Çok fazla mimari rol, organizasyon ve görev(fonksiyon) var gibi gözüküyor. Ancak şunu unutmamak lazım, Bilişim Teknolojileri’nin karmaşıklığını ancak bu şekilde değişik rollerdeki insanların deneyimleri, farklı bakış açıları ve düzenleyici katkılarıyla bertaraf edebiliriz.

Görüldüğü gibi aslında her mimari takım belirli bir fonksiyonu yerine getirmek için konumlanıyor. Dolayısıyla organizasyonlar ilk önce hangi mimari fonksiyonu yerine getireceklerine karar verip daha sonra uygun yetkinlikte personeli istihdam etmelidirler.

Kurumsal mimarinin ne kadar da kendine has framework ü ve teorisi olsa da şunu unutmamak gerekir.
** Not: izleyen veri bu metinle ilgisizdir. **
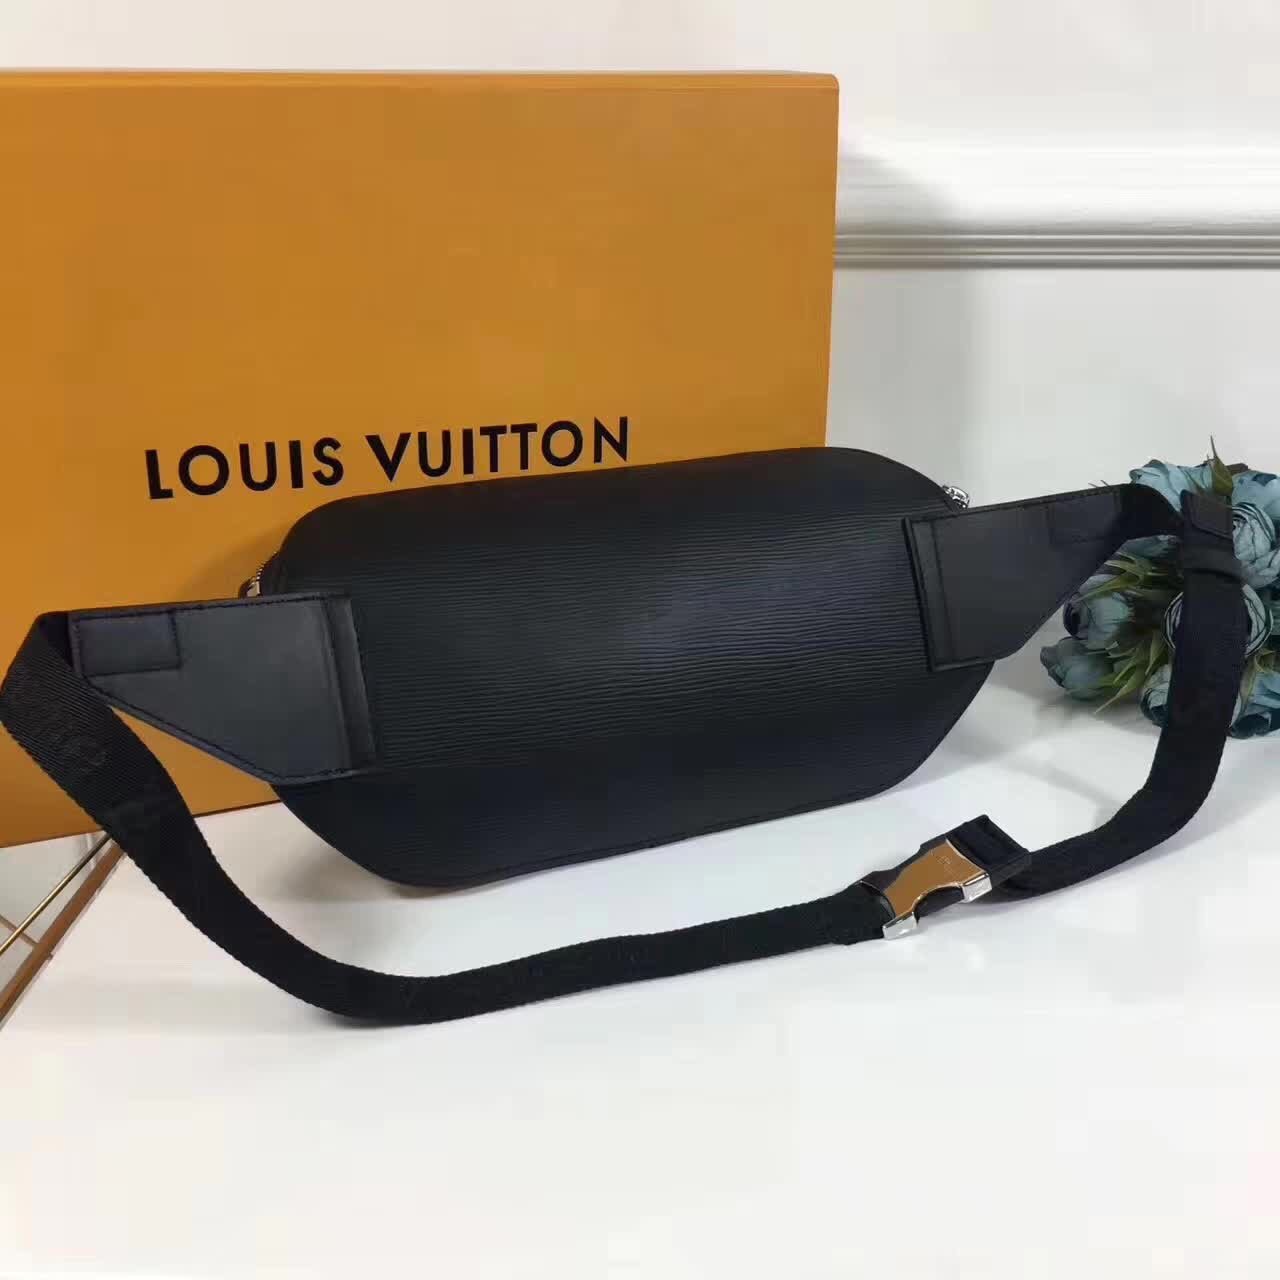 Louis Vuitton, Bags, 2 Supreme Lv Side Bags

Tüm mimari çalışmalar organizasyona “değer katmak” üzerine planlanmalı ve bu “katma değer” tüm organizasyon tarafından üzerinde uzlaşılan bir “katma değer” olmalıdır. Tüm organizasyon olmasa bile en azından Bilişim Teknolojileri Üst Düzey Yöneticileri aynı düzlemde olmalıdır. Bu sağlanamazsa “Kurumsal Mimari” fonksiyon asla beklenen başarıya ulaşamaz.  

Son bir söz: Kurumsal mimarın arkasındaki gerçek itici güç CIO dur. CIO koşmak ve durup düşünmek isteyenler arasındaki dengeyi sağlayandır. Evet BT operasyonunu hızlı bir şekilde yürütmeliyiz ama performans, güvenlik, regülasyonlara uyum ve öngörülemeyen gereksinimler yüzünden kısa sürede kullanılmaz hale gelecek sistemler de geliştirmemeliyiz.